The lines below, from the first through the one containing "A project by @DarveshBand", are to be given again exactly, with pictures left out and nothing added.

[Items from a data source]
......

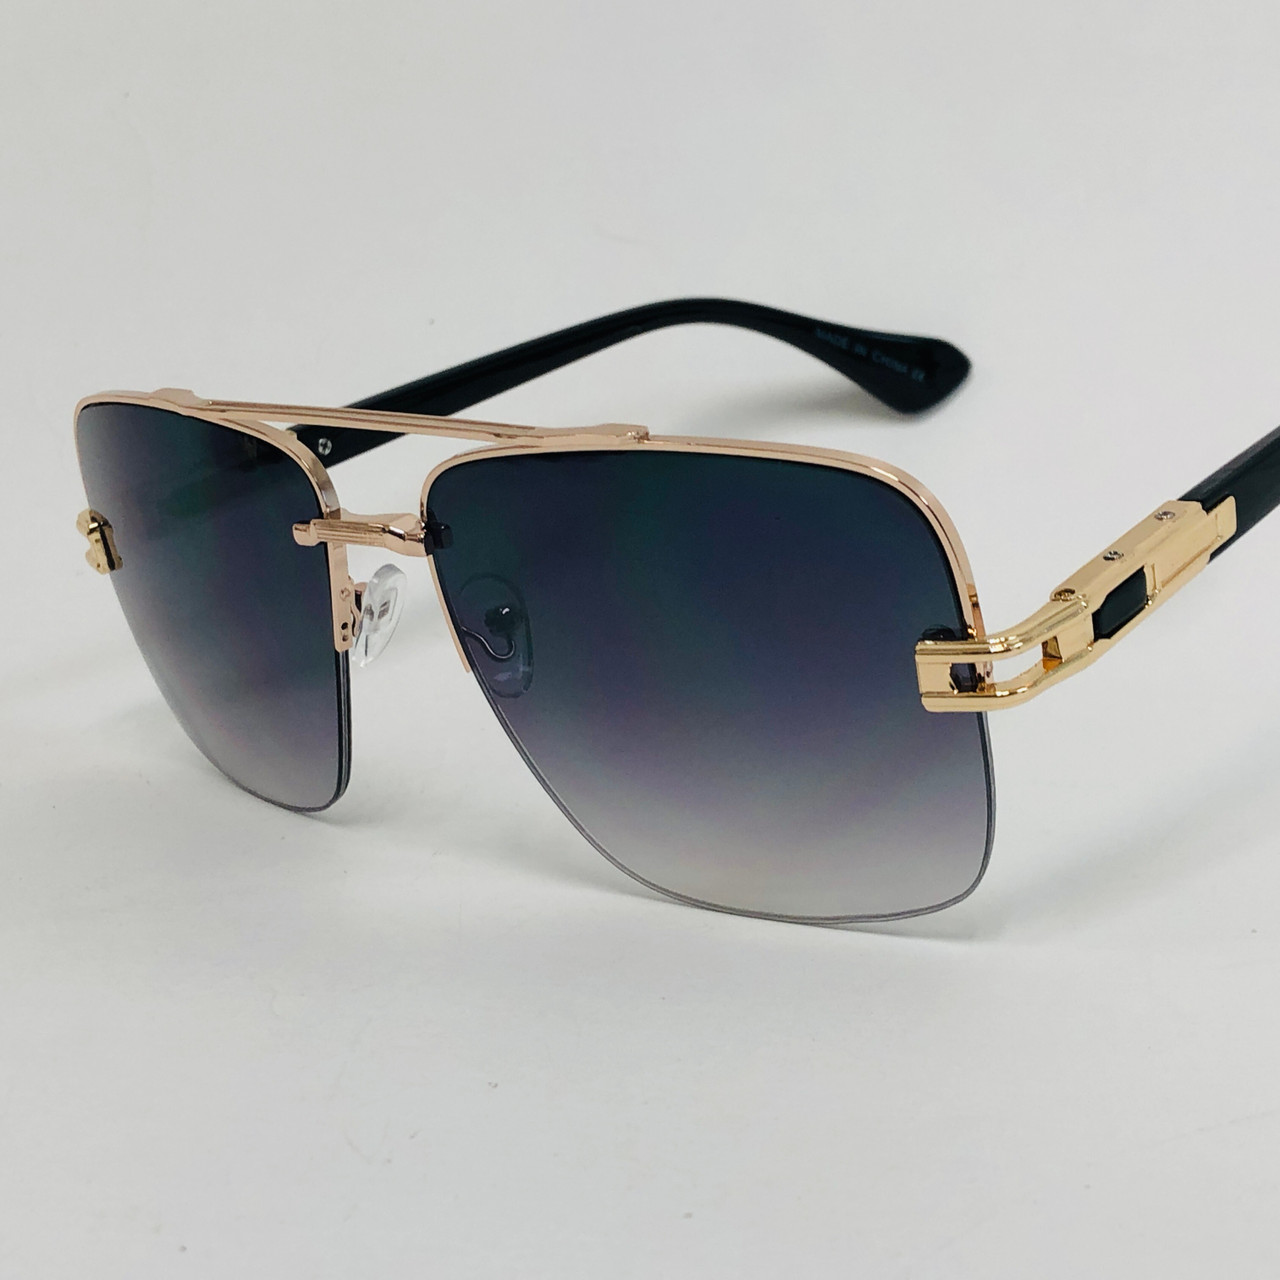 Mens Designer Gold Aviator Sunglasses With Classic Attitude 0259 Metal  Square Frame, Retro Avant Garde Style, UV 400 Protection For Outdoor  Activities From Hexiang3, $17.78
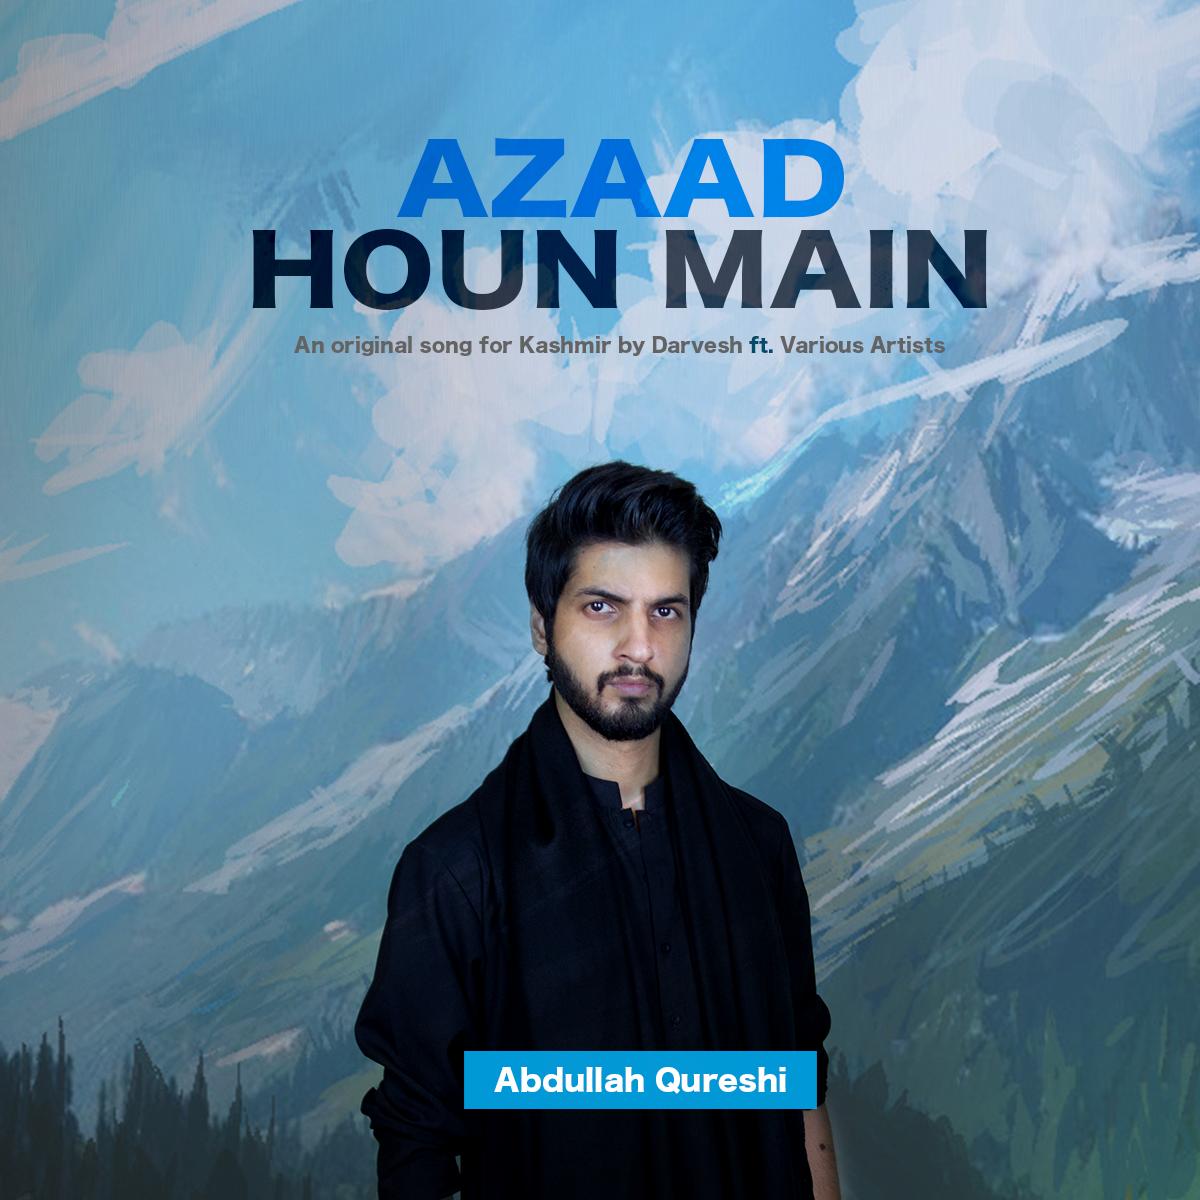 Raising our voices for KASHMIR!
A project by @DarveshBand
Stay tuned... #AzaadHounMain #istandwithkashmir
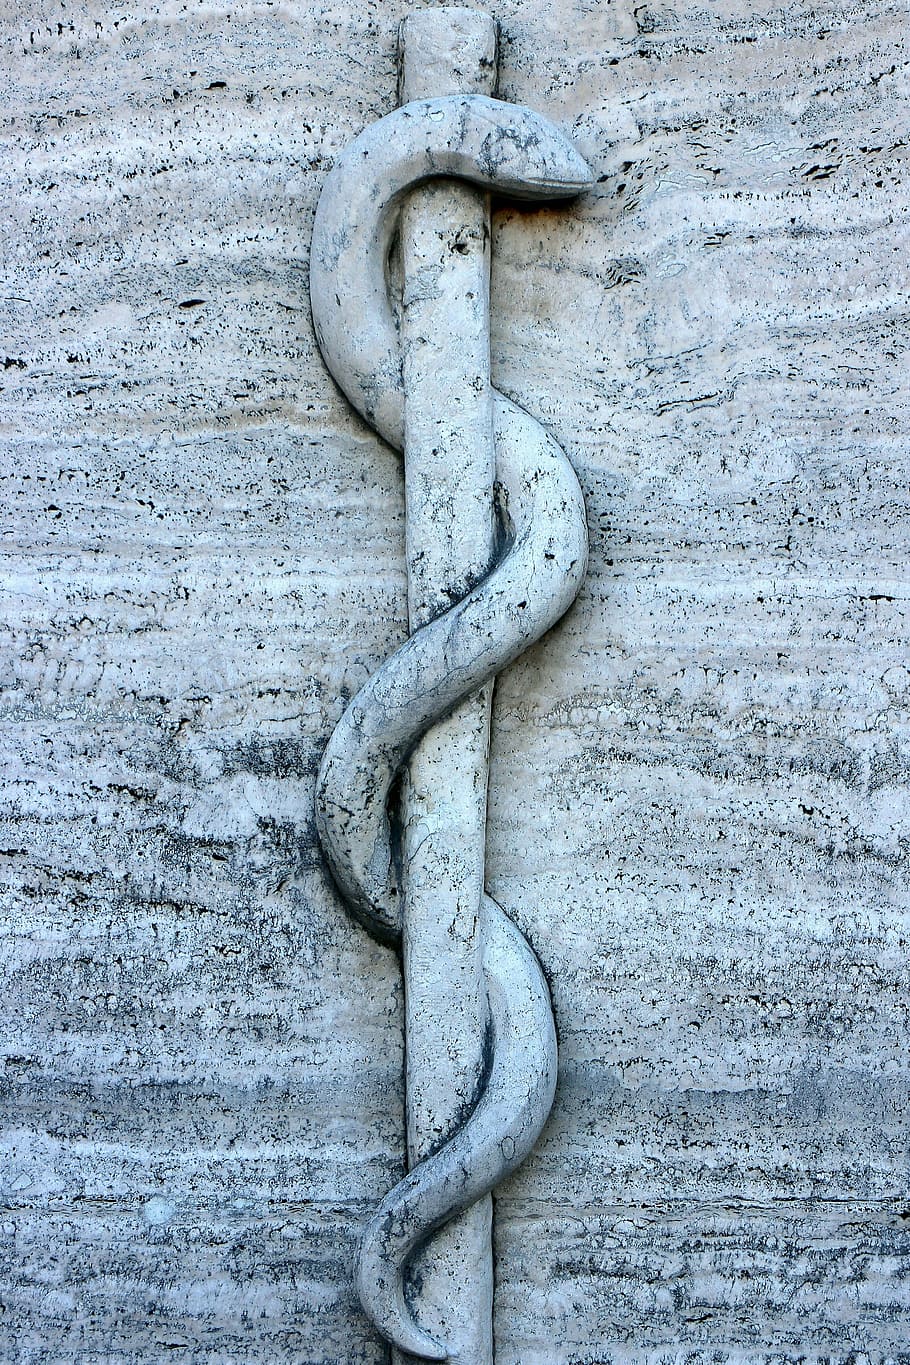 snake, carved, wall art, relief, symbol, rod, äskulapstab, asclepius staff, medical, doctor
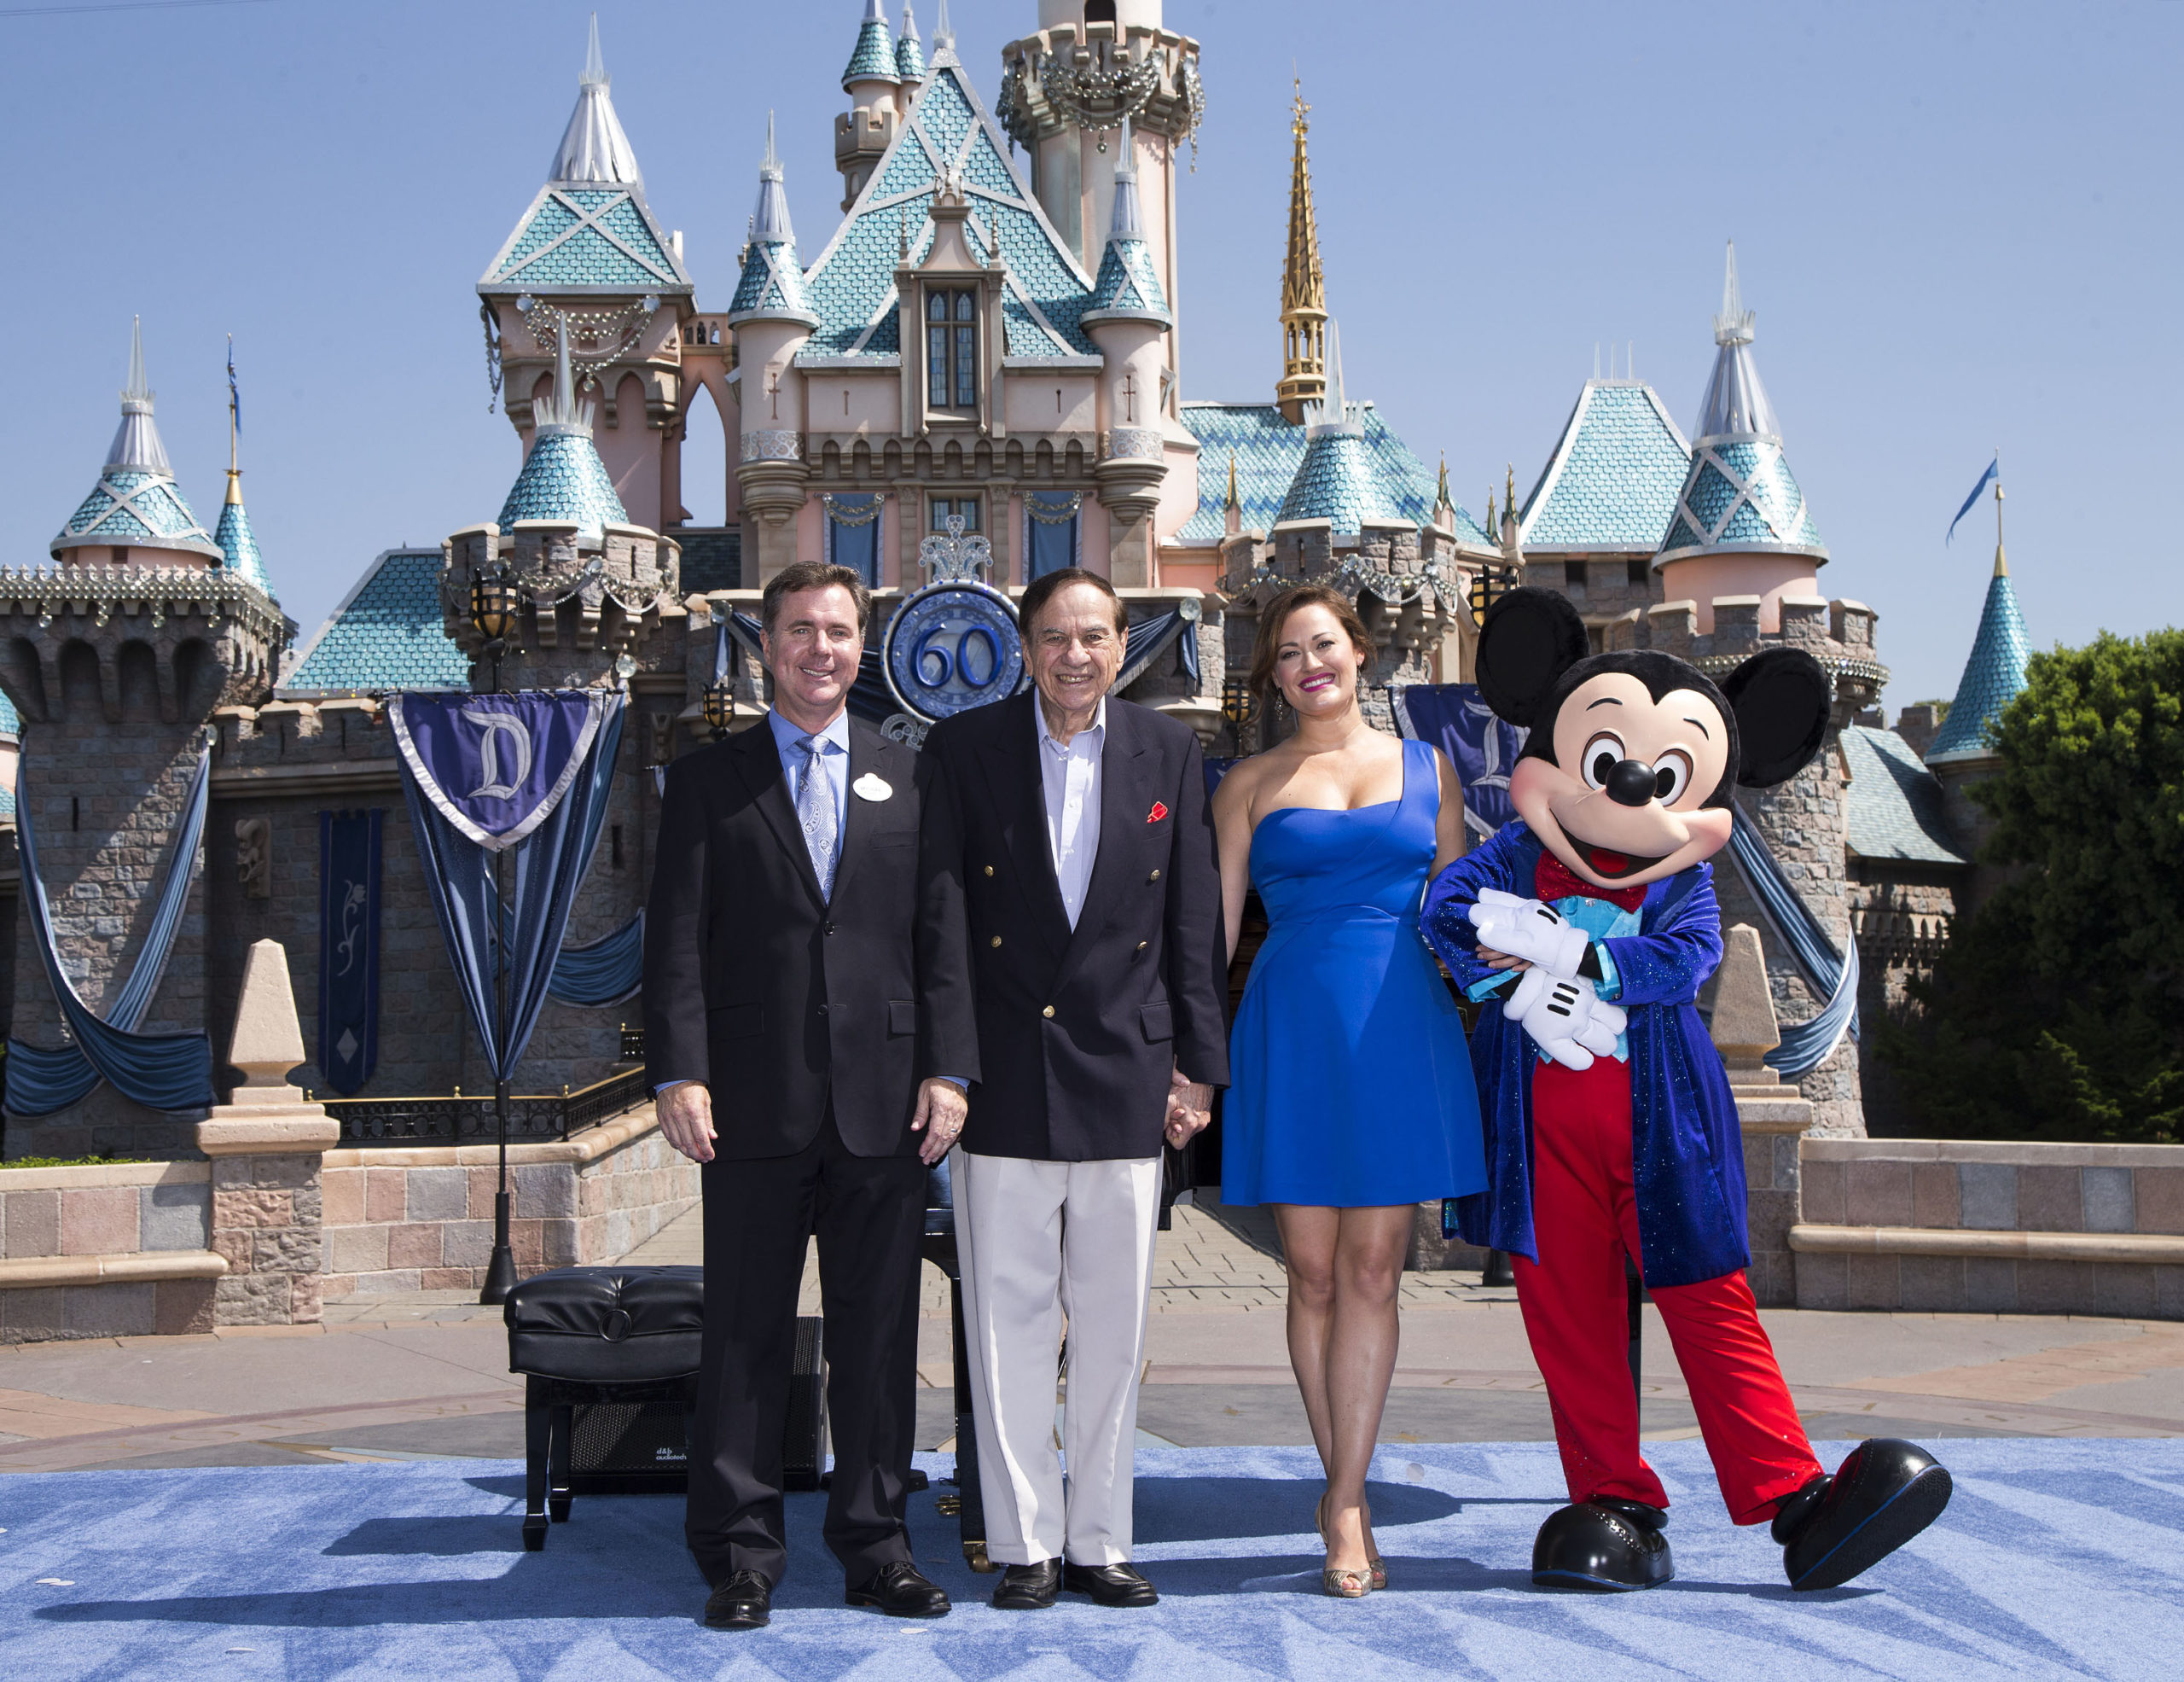 ANAHEIM, CA - JULY 17: In this handout photo provided by Disney parks, DAZZLING DAY - Academy Award-winning composer Richard Sherman and actress and singer Ashley Brown join President of the Disneyland Resort Michael Colglazier (L) and Mickey Mouse to celebrate the 60th anniversary of Disneyland park July 17, 2015 in Anaheim, California. Celebrating six decades of magic, the Disneyland Resort Diamond Celebration features three new nighttime spectaculars that immerse guests in the worlds of Disney stories like never before with "Paint the Night," the first all-LED parade at the resort; "Disneyland Forever," a reinvention of classic fireworks that adds projections to pyrotechnics to transform the park experience; and a moving new version of "World of Color" that celebrates Walt Disney's dream for Disneyland. (Photo by Paul Hiffmeyer/Disneyland Resort via Getty Images)

......

WRITTEN REPLY –
 Mens Designer Gold Aviator Sunglasses With Classic Attitude 0259 Metal  Square Frame, Retro Avant Garde Style, UV 400 Protection For Outdoor  Activities From Hexiang3, $17.78
 Raising our voices for KASHMIR!
A project by @DarveshBand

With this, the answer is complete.